Healthcare at the tipping point

By Dian Cohen

None of us needs to be told that our hospital/healthcare system is in bad shape. It was in bad shape before Covid and the pandemic has only brought home to more of us how fragile and needy it is.

Having just arrived home from getting my booster shot, I marvel at the logistics miracle that has turned a rural shopping centre into an efficient factory for disbursing jabs. And I salute the dozens of people working diligently in both languages, checking credentials, asking the requisite questions, staying calm and focused.

We need to bring this kind of focus to fixing the whole system. I say “fixing” guardedly because a total overhaul is what it really needs.

Let’s start with two glaring mistakes that need to be corrected. First, the Canada Health Act is not about health – it’s about publicly funded insurance that pays for part of the cost of treating illness.

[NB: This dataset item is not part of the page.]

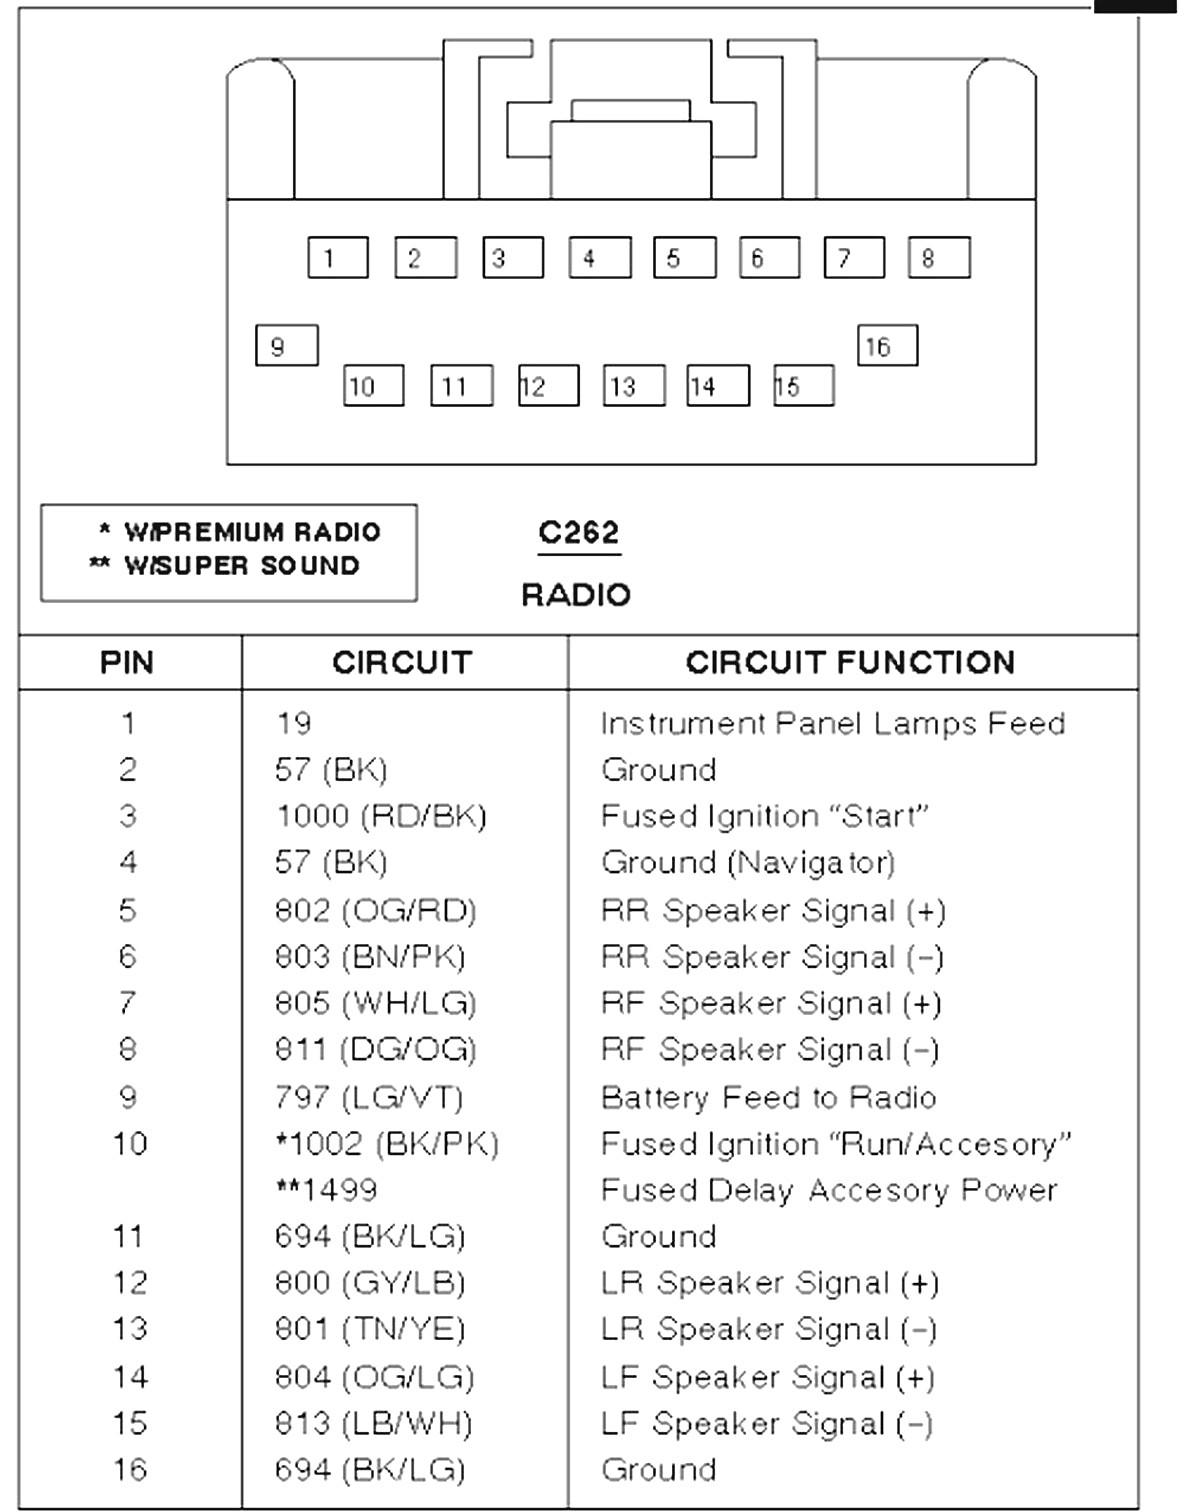 DIAGRAM] Wiring Diagram Pioneer Deh 150mp FULL Version HD Quality Deh 150mp  - BIUMEDIAGRAM.SKINE.FRSkine.fr

Second, because no invoices change hands between those who demand medical goods and services and those who supply them, we all act as though the goods and services are free. And you know how we all act when stuff is free – take as much as you want, don’t worry about wasting it.

Let me flesh out #1. What we really need is a healthcare system that focuses on keeping us healthy. We are no longer the young nation we were when Medicare was created – a nation that needed care for acute events like accidents and birth. We are now a nation of middle-age and getting older, and we need help in managing “the chronic diseases characteristic of old age, conditions not curable but manageable with long-term support and care, most of it non-medical”, says a recent open letter to Canada’s health ministers from the C.D. Howe Institute’s Don Drummond and Duncan Sinclair. Even more, we need help to keep us out of hospitals. Yet there is nothing preventative about our present system – no prescription drug coverage, no dental care, no eye care, no help to keep us limber, no home care. “Accepting the adage that the role of the physician is to prevent illness when possible and treat it when necessary, the exclusion of preventive services from coverage, whether by physicians or other providers of healthcare services, makes no sense. It’s long past time to discuss and decide how best to remedy these failings and achieve Medicare’s prime purpose: optimizing the health of Canadians,” say Drummond and Sinclair.

As to my #2 complaint, statistics from the Canadian Institute for Health Information (CIHI) indicates that healthcare spending in Canada amounted to $267 billion in 2019, jumping 14% to $301 billion in 2020 because of Covid-19 and estimated to cost $308 billion in 2022. Fully 25% of that amount was paid for directly by Canadians with the balance being paid indirectly, but also by Canadians, through their taxes. This is not chump change, yet there is no incentive anywhere in the system to use these very expensive goods and services sparingly.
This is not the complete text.